In vivo characterization of CDVs. Hematoxylin and eosin stained sections of Ny-CDV devices implanted in a subcutaneous position in the mouse.. A) Ny-CDVs showing retention of delivered HaCaT (arrowheads) within the Ny-CDV. No breach of the inner cell isolation layer is apparent and no evidence of HaCat cells outside the device was found. Note that the inner nylon sheet is for structural support only and the pores are large enough to allow cells to move across. Inset shows one of the devices with cells at the inner electrospun surface. (Bar = 500 μm) B) Ny-CDV illustrating the components of the CDV: 1- Nylon mesh with the cylindrical fibers, 2- Inner low porosity electrospun layer, 3- Outer high porosity and tissue integration layer.
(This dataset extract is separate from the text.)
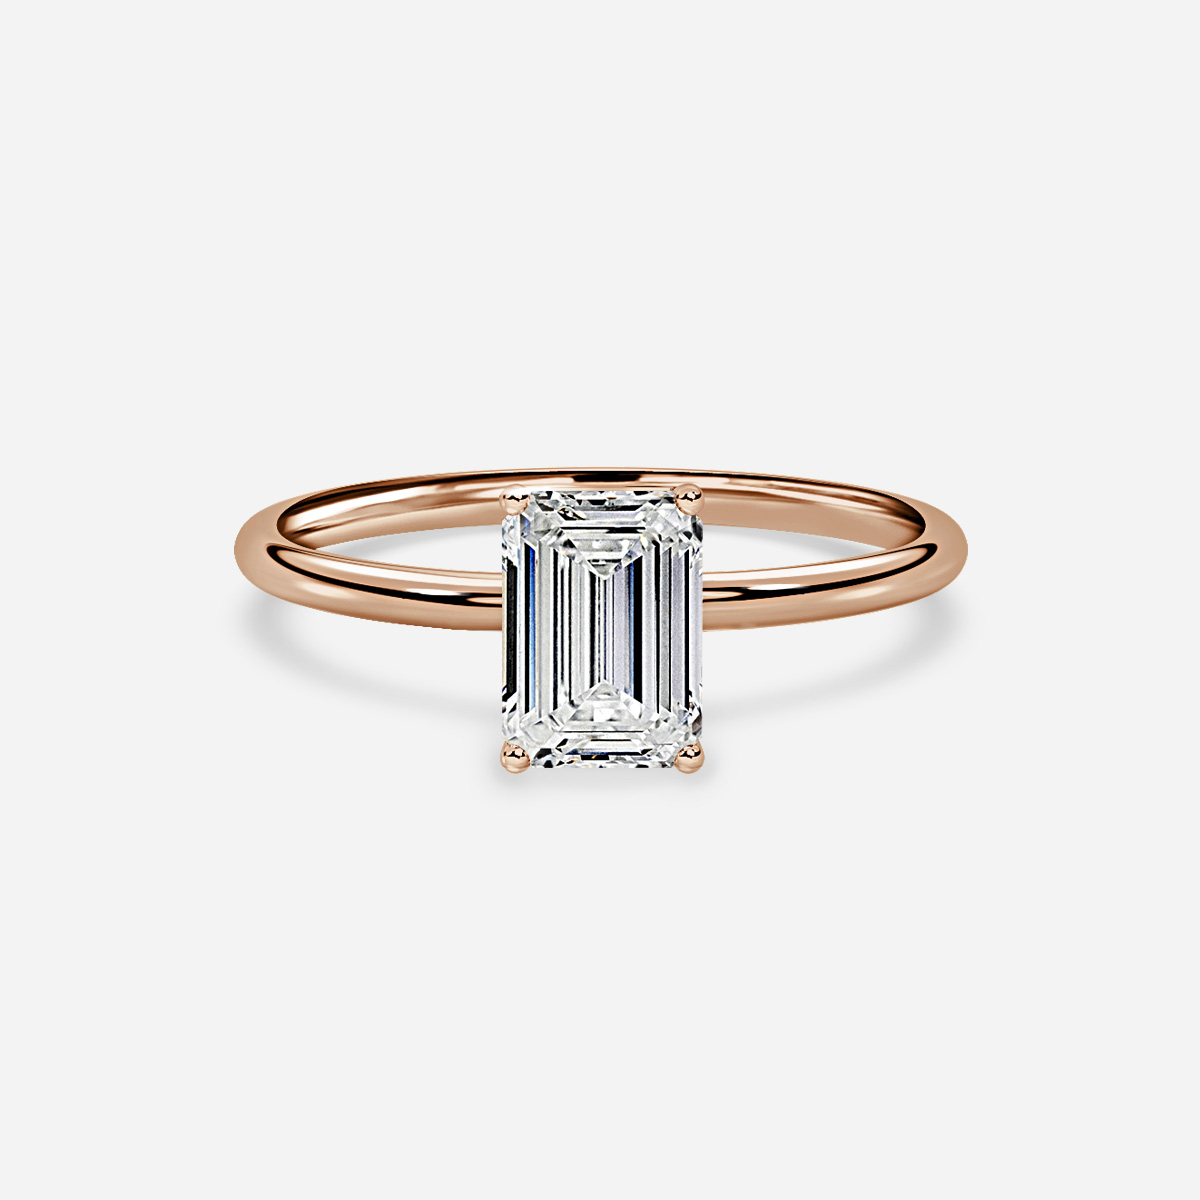 Chelsea Rose Gold Engagement Ring

Cells are evident penetrating through the outer porous electrospun layer but do not penetrate the low porosity layer. (Bar = 50 μm). C). Masson’s trichrome stained section of a Ny-CDV illustrating the neovascularization of the porous electrospun layer. Arrowheads identify two vascular profiles at the interface between the high porosity and low porosity electrospun coating. (Bar = 50 μm).